= Cubosome =

Certain type of chemical structures

The chemical structure of 1-monoolein, the primary studied lipid building block of a cubosome. It is used to form the bilayer of the membrane.

Cubosomes are discrete, sub-micron, nanostructured particles of the bicontinuous cubic liquid crystalline phase. The term "bicontinuous" refers to two distinct hydrophilic regions separated by the bilayer. Bicontinuous cubic crystalline materials have been an active research topic because their structure lends itself well to controlled-release applications.

Cubosomes are liquid crystalline nano-structures formed from the cubic phase of lipids, such as monooleate, or any other amphiphilic macromolecules with the unique property to be dispersed into particles. Nano-vehicles are generated from a self-assembled lipid mixture and studied by means of high-resolution cryogenic transmission electron microscope (cryo-TEM). These structures have been observed to naturally occur in mitochondrial membranes and in stressed cells.

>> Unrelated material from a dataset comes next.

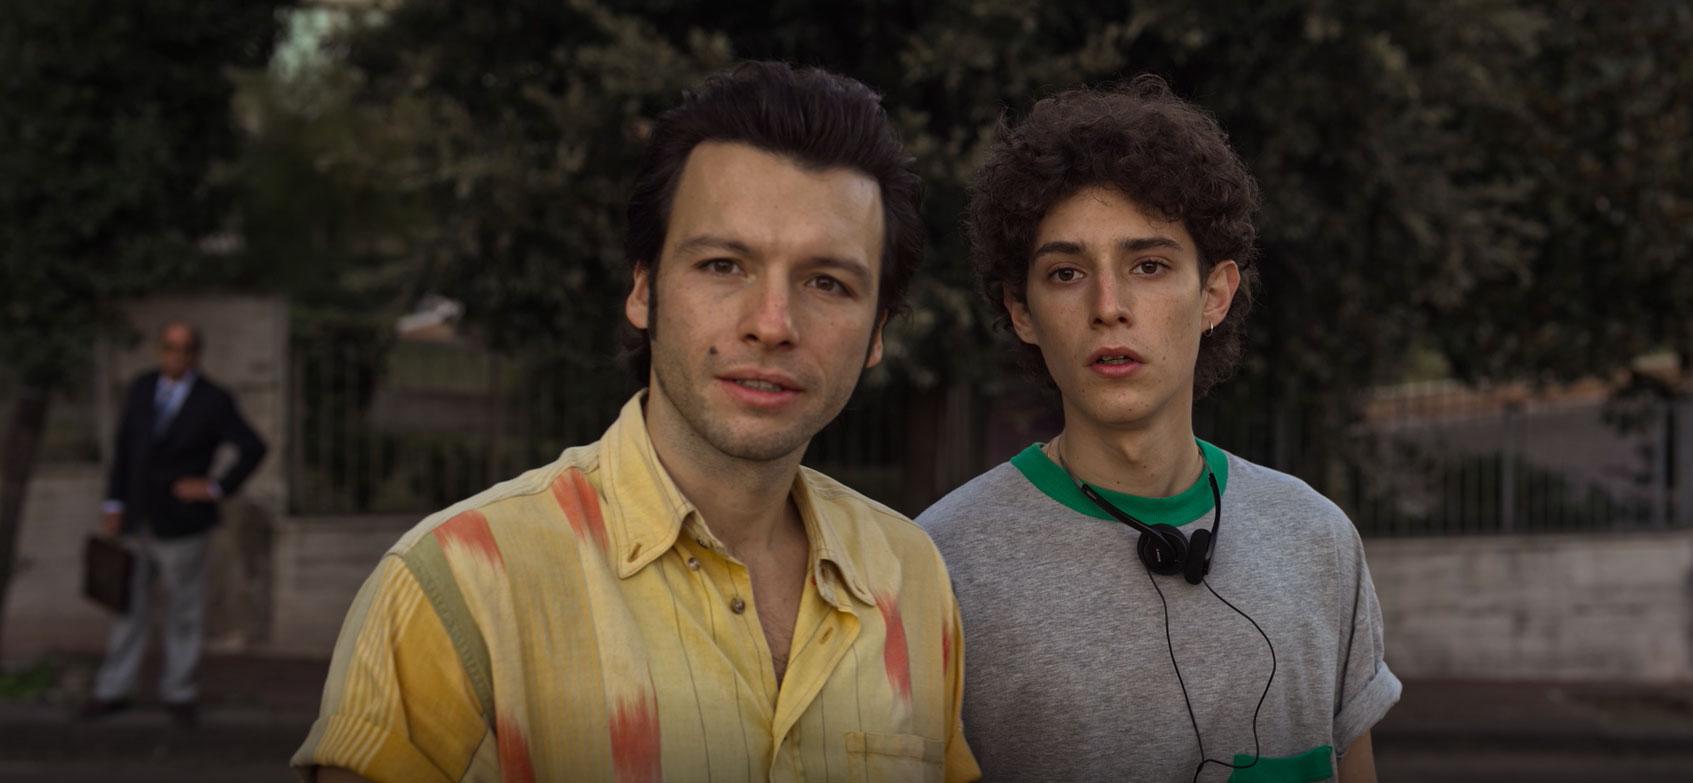 Marlon Joubert y Filippo Scotti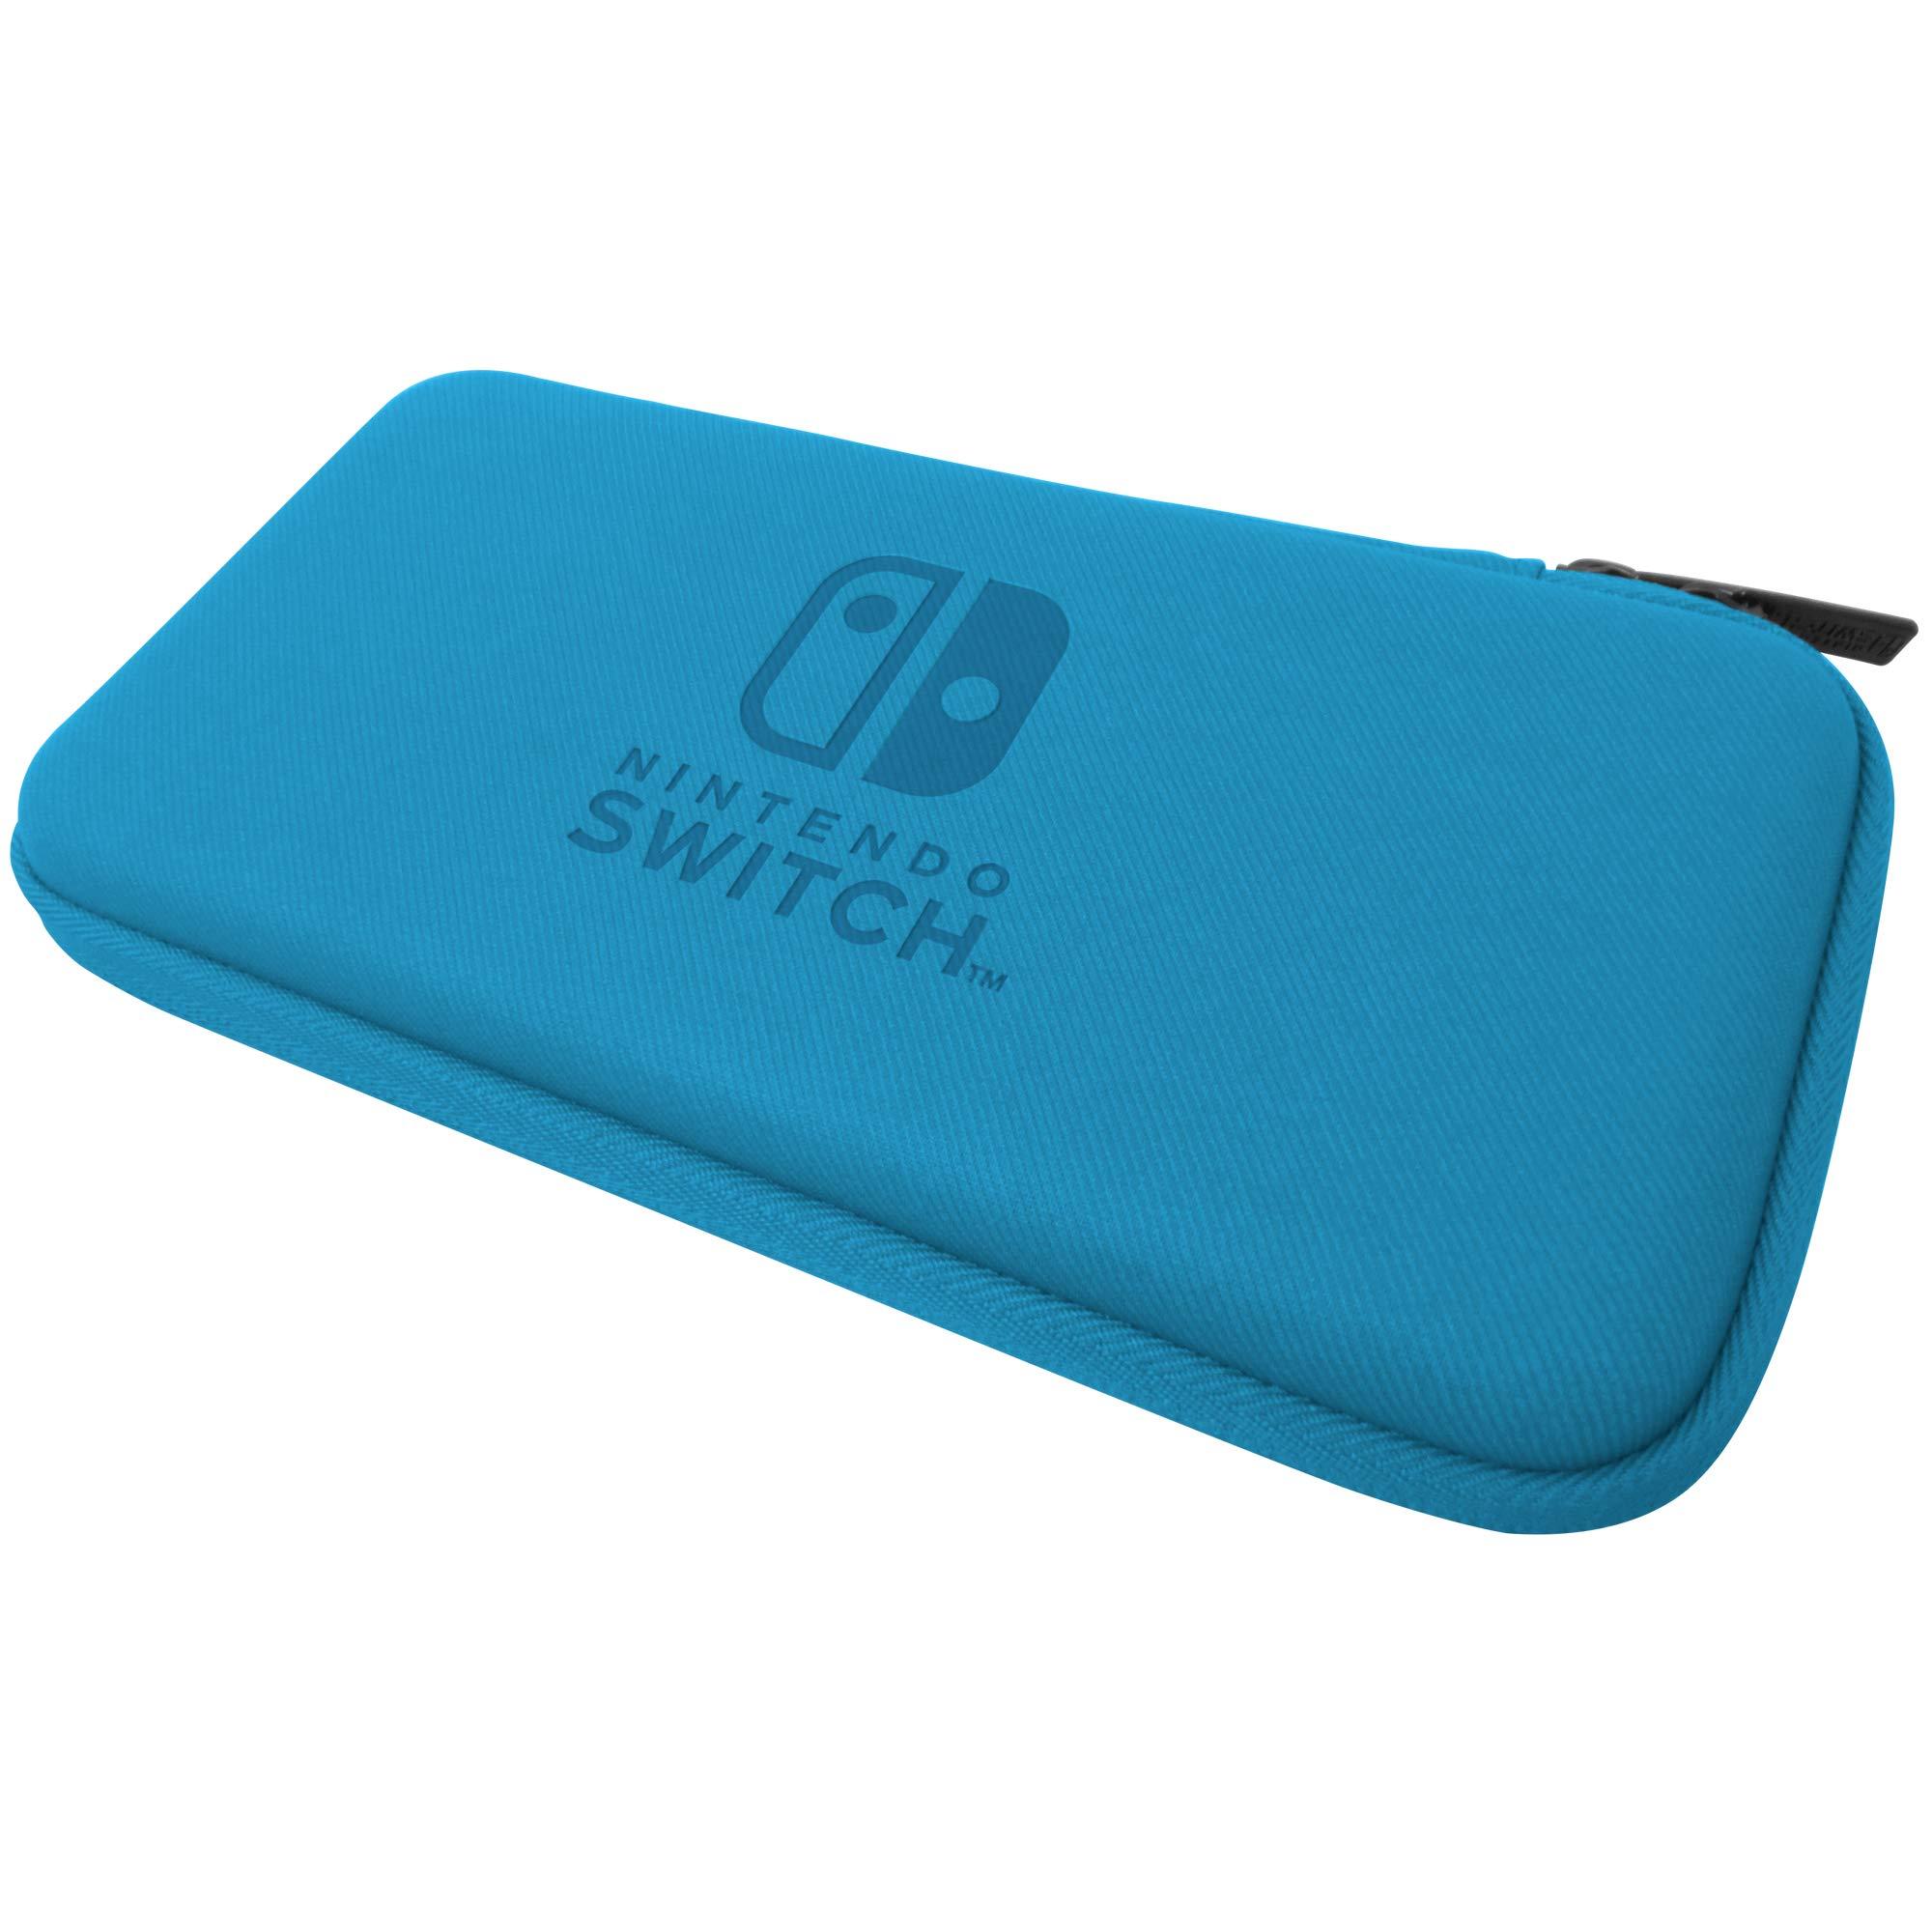 Hori - Funda Rígida Azul (Nintendo Switch Lite): Amazon.es: Videojuegos

Cubosomes are formed at controlled temperatures into lipid bi-layer twisted into three dimension with minimal surface forming a tightly packed structure with bicontinuous domains of water and lipid.
There are three different proposed phases that these cubic structures can be in: the P-surface, G-surface and D-surface for primitive, gyroid and diamond structures respectively. This variation in structure allows for cubosomes to be the ultimate drug delivery system due to its ability to maintain the structural integrity of the ingredients that it carries. The uses of cubosomes are still being researched but they range from systems for efficient drug delivery into specific body systems to stabilizing and producing palladium nanoparticles.

== Uses ==
For most fluids and some homogenous solid materials, like gels, diffusion is the same in all directions and characterized by the same diffusion coefficient number. This property is called isotropicity which gives cubosomes the ability to be used in biological tissues which are highly structured and typically have different diffusion coefficients along different directions (anisotropic). Because of advantages such as the unique structure of the cubic phase and its resemblance to biological membranes as well as biodegradability of lipids, cubosomes are a great tool for drug delivery system. In addition, the bicontinuous cubic liquid crystalline phase (cubic phase)’s tortuosity is useful for slowing down diffusion as shown by Higuchi’s square root of time release kinetics. Capability to encapsulate hydrophilic, hydrophobic, and amphiphilic substance, being simple to prepare, and all the aforementioned qualities give cubosomes a property that can be used in controlled transport applications as drug delivery vehicles.